Basta, Rondo lascia l’Italia perché qui il rap viene gestito in modo clientelare da chi non vive la cultura hip hop. «Come faccio a essere ispirato se attorno a me vedo solo gente che cerca di far soldi? Vado in America»

Foto: Fabrizio Narcisi per Rolling Stone Italia

Eccolo che arriva, bandana tirata su fino agli occhi e cappuccio calato in testa, giubbotto degli Orlando Magic tutto blu Rondo e una scia di ganja che lo segue mentre ci chiudiamo in uno studio di registrazione della periferia nord di Milano. Mattia Barbieri, in arte Rondodasosa, è personaggio noto per alcune caratteristiche peculiari: una certa giovanile strafottenza della serie «io sono io e voi chi cazzo siete?», una riluttanza al dialogo con la stampa che ha messo su di lui un alone di mistero e curiosità e una totale riservatezza sulla vita personale, accompagnata invece da un’intensa attività social fatta per lo più di scazzi e dissing con altri trapper che ha fatto di Rondo uno dei personaggi della scena più amati, soprattutto dalla sua fanbase, e odiati da colleghi e detrattori.
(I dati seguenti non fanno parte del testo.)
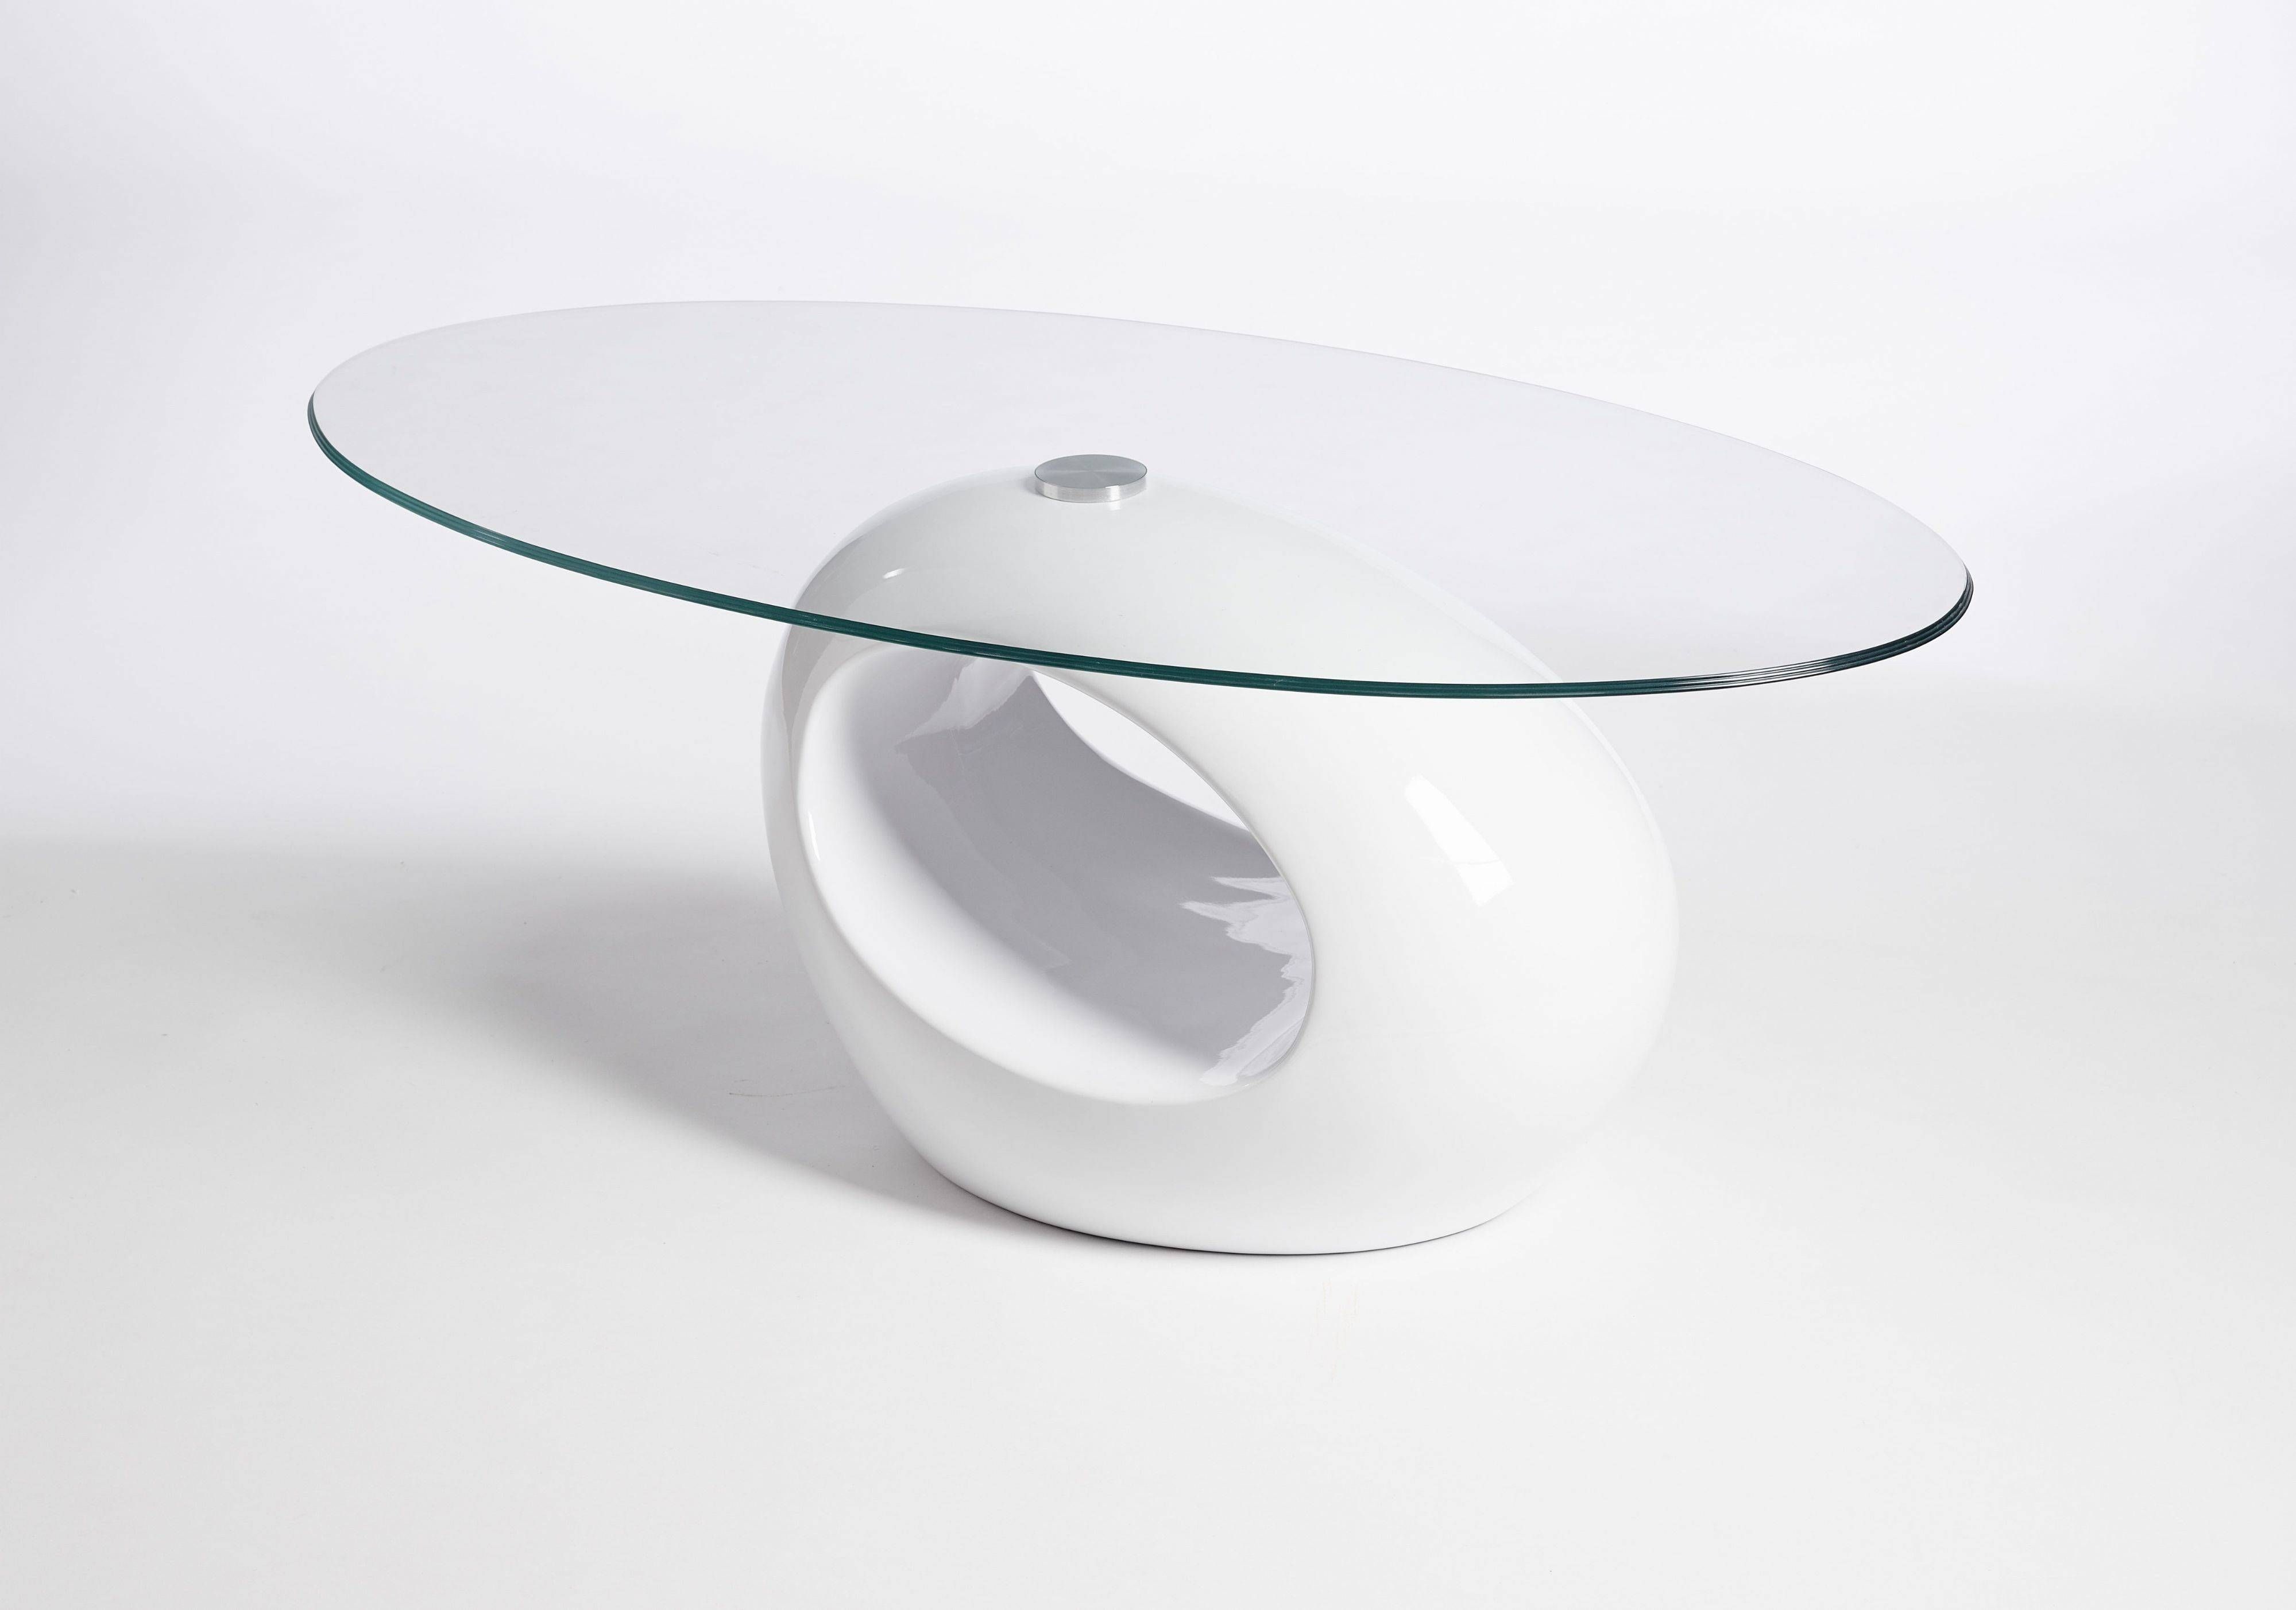 Retro Designed Oval Coffee Table (black Clear) | Ukcoffeetables Throughout Retro White Coffee Tables (View 12 of 30)

Le sue risposte monosillabiche le conosco bene, è la terza volta che lo intervisto, le prime due al telefono e su Zoom, questa volta cercando di guardarlo negli occhi. Ma Mattia, fedele al personaggio, guarda altrove, dietro di me una tv dello studio è accesa su una partita di basket NBA. Quando accendo il registratore lui mi comunica di essersi appena fatto una canna e di non avere nessuna voglia di fare l’intervista. La situazione promette bene, c’è elettricità, e ammetto fin da subito che questo ragazzo di 23 anni un po’ spaccone e molto sicuro di sé mi piace e mi diverte.

Sono qui con Rondo o con Mattia?
Rondo è la parte più aggressiva di me, è un alter ego, il modo in cui vivo.

Quando hai iniziato a fare musica che obiettivi avevi?
Sapevo di spaccare, e tanto. Ero troppo diverso dagli altri.

Diverso come?
Ero sicuro di me stesso. Sapevo che ce l’avrei fatta. Ero come uno che va al casinò e sa che uscirà il nero, punta ed esce il nero. Quel tipo di sensazione, ma con la musica. Mi guardavo intorno e capivo di essere molto più talentuoso degli altri.

C’è stato un momento in cui hai avuto la sensazione di aver svoltato?
Quando è uscito Face to Face (2020) ho sentito la risposta del pubblico, ma già mentre lo scrivevo sapevo che sarebbe stata la svolta perché era una cosa nuova per l’Italia, era drill.

Sembri essere un gran osservatore di quello che succede all’estero, in grado di anticipare le tendenze italiane…
Il mondo del rap è tutto una reference. Anche in America molti rapper si ispirano alla generazione precedente, facendo evolvere la tradizione. Per quanto mi riguarda ho sempre avuto una grande culturale musicale, sono sempre stato aggiornato.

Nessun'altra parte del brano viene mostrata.